** Opening Stored data block **

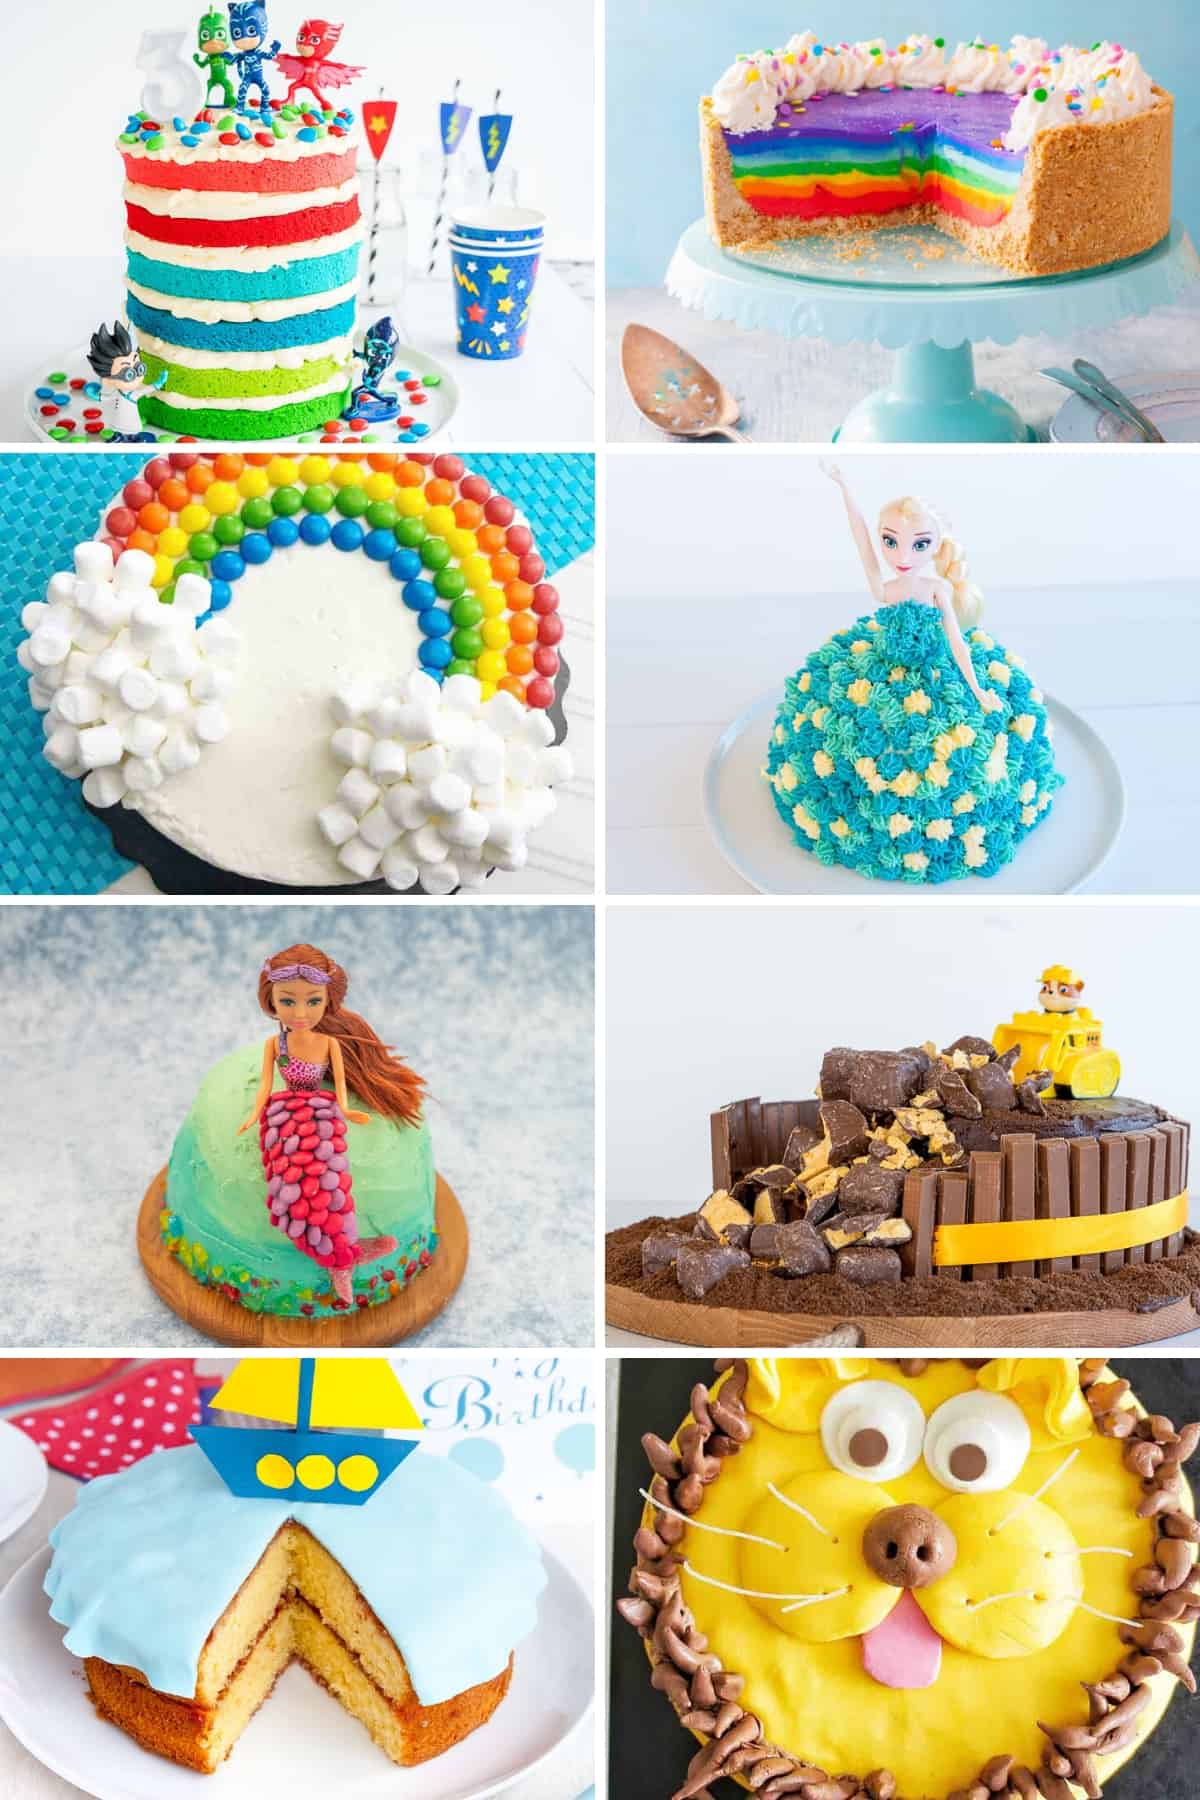 I. Introduction to creative ideas for children's birthday cakes
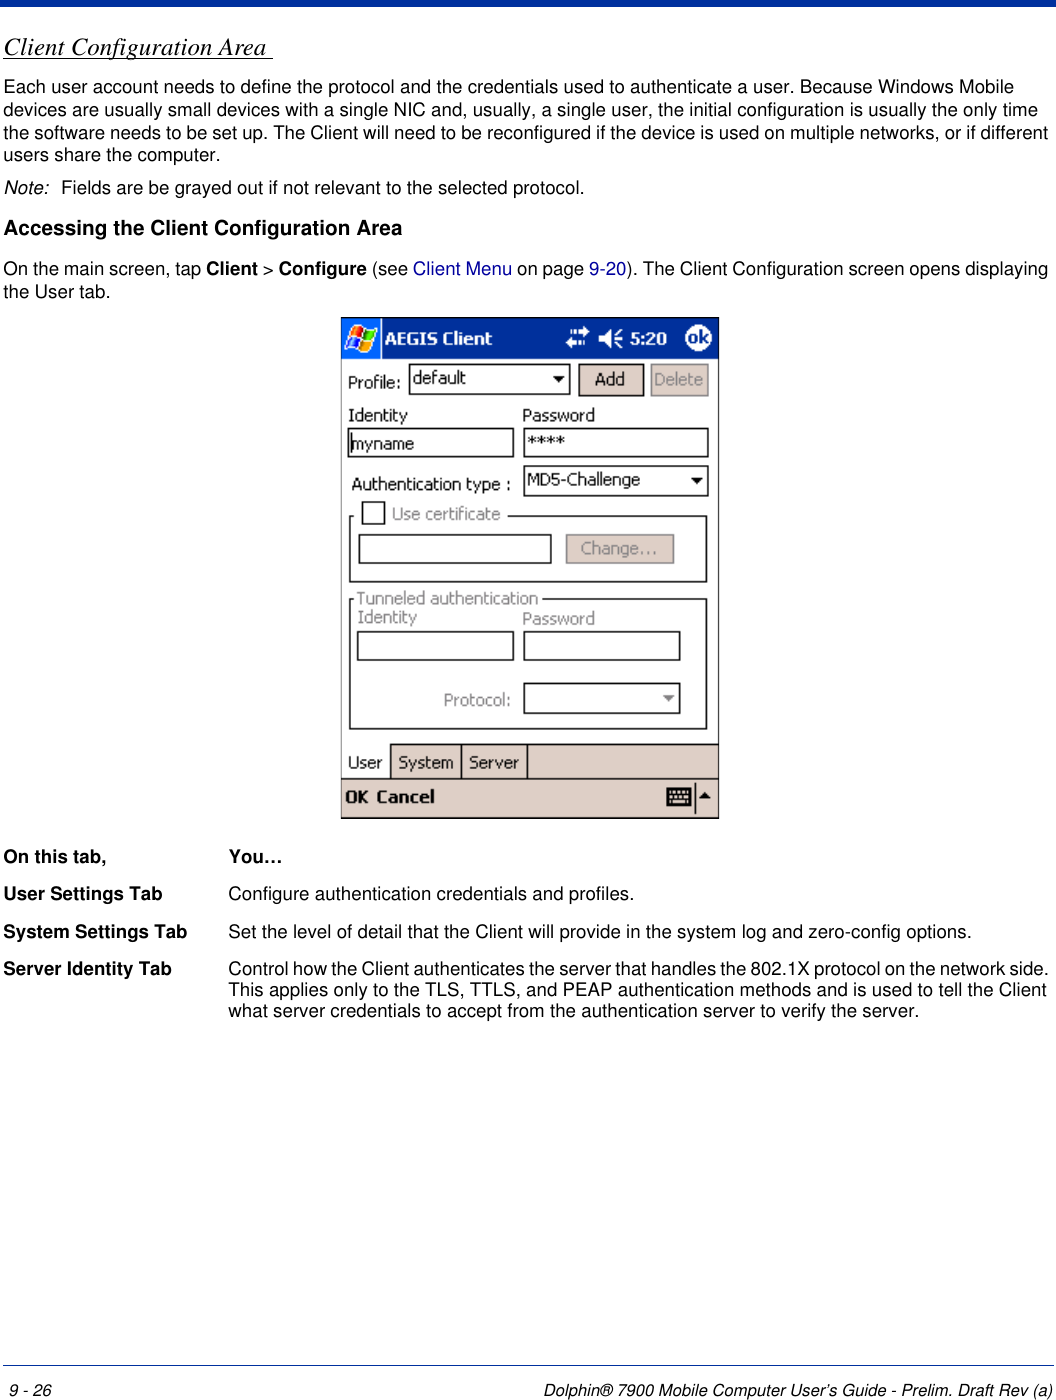 9 - 26 Dolphin® 7900 Mobile Computer User’s Guide - Prelim. Draft Rev (a)Client Configuration Area Each user account needs to define the protocol and the credentials used to authenticate a user. Because Windows Mobile devices are usually small devices with a single NIC and, usually, a single user, the initial configuration is usually the only time the software needs to be set up. The Client will need to be reconfigured if the device is used on multiple networks, or if different users share the computer. Note: Fields are be grayed out if not relevant to the selected protocol. Accessing the Client Configuration AreaOn the main screen, tap Client &gt; Configure (see Client Menu on page 9-20). The Client Configuration screen opens displaying the User tab.On this tab, You…User Settings Tab Configure authentication credentials and profiles.System Settings Tab  Set the level of detail that the Client will provide in the system log and zero-config options.Server Identity Tab  Control how the Client authenticates the server that handles the 802.1X protocol on the network side. This applies only to the TLS, TTLS, and PEAP authentication methods and is used to tell the Client what server credentials to accept from the authentication server to verify the server.
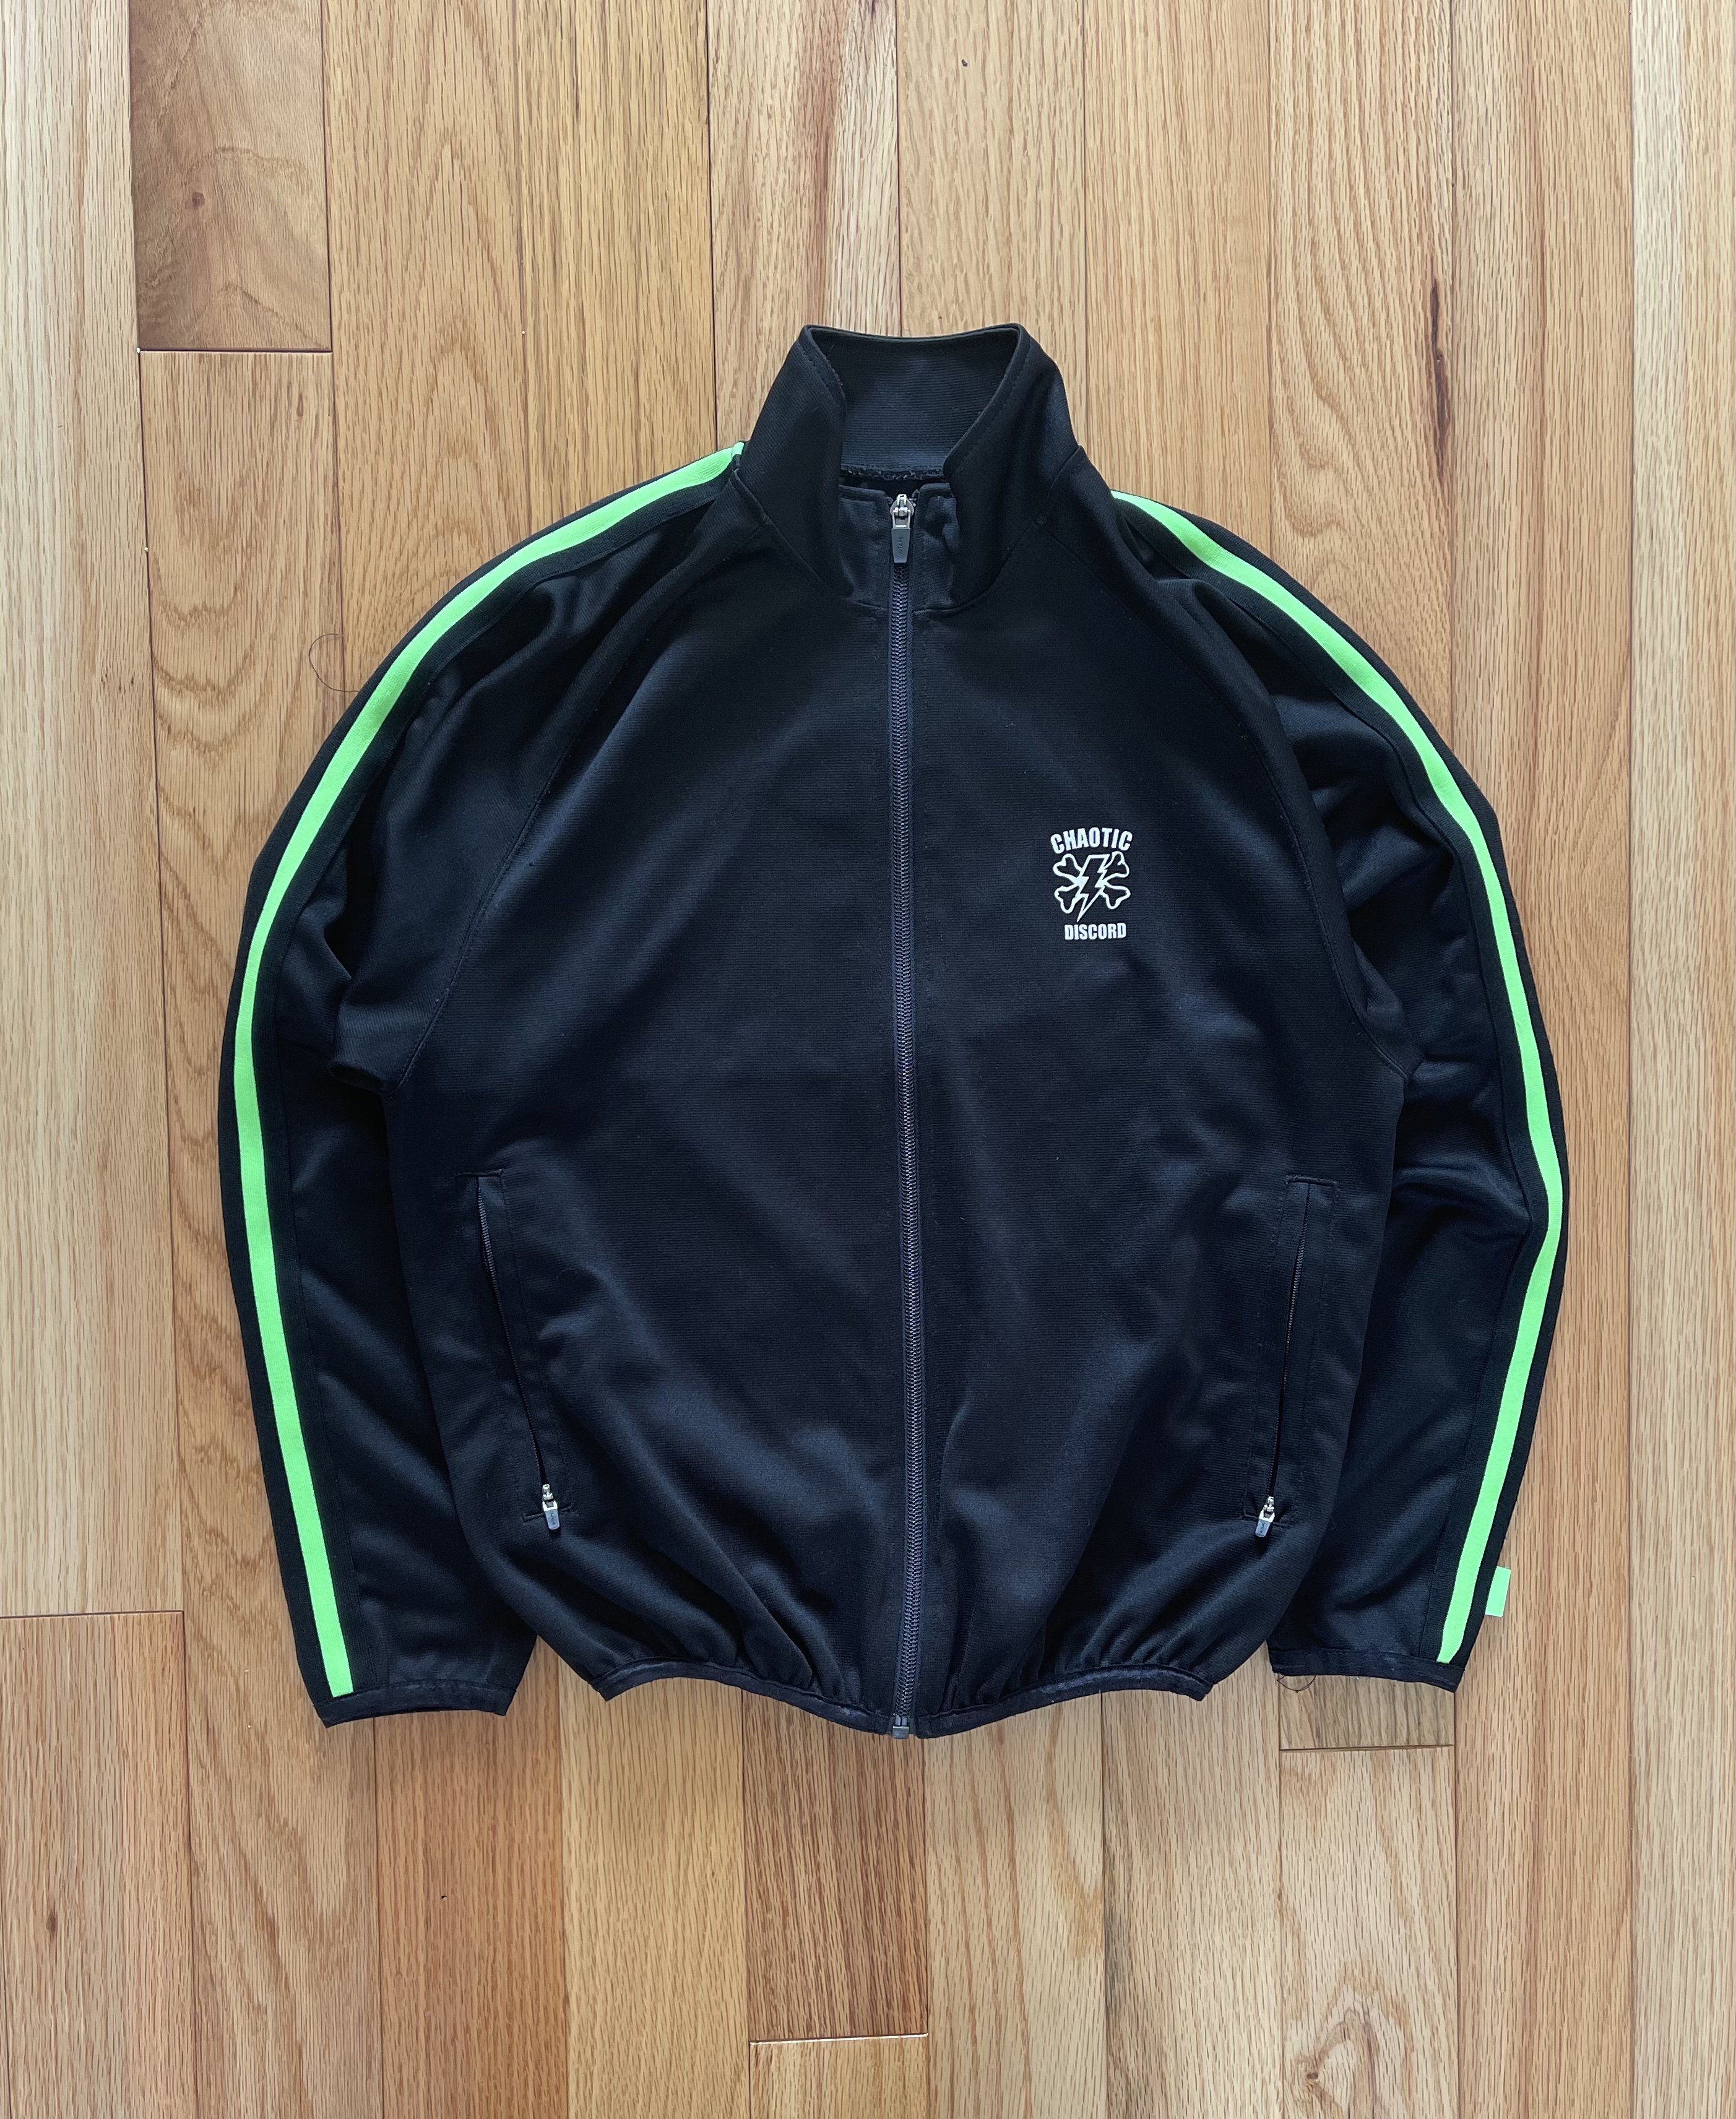 AW2001 Undercover Chaotic Discord Track Jacket | Reissue: Buy & Sell ...

** Closing Stored data block **

_Exercise directions_
All of the data should come back exactly as written, but without pictures.

_Response below_
 I. Introduction to creative ideas for children's birthday cakes
 9 - 26 Dolphin® 7900 Mobile Computer User’s Guide - Prelim. Draft Rev (a)Client Configuration Area Each user account needs to define the protocol and the credentials used to authenticate a user. Because Windows Mobile devices are usually small devices with a single NIC and, usually, a single user, the initial configuration is usually the only time the software needs to be set up. The Client will need to be reconfigured if the device is used on multiple networks, or if different users share the computer. Note: Fields are be grayed out if not relevant to the selected protocol. Accessing the Client Configuration AreaOn the main screen, tap Client &gt; Configure (see Client Menu on page 9-20). The Client Configuration screen opens displaying the User tab.On this tab, You…User Settings Tab Configure authentication credentials and profiles.System Settings Tab  Set the level of detail that the Client will provide in the system log and zero-config options.Server Identity Tab  Control how the Client authenticates the server that handles the 802.1X protocol on the network side. This applies only to the TLS, TTLS, and PEAP authentication methods and is used to tell the Client what server credentials to accept from the authentication server to verify the server.
 AW2001 Undercover Chaotic Discord Track Jacket | Reissue: Buy & Sell ...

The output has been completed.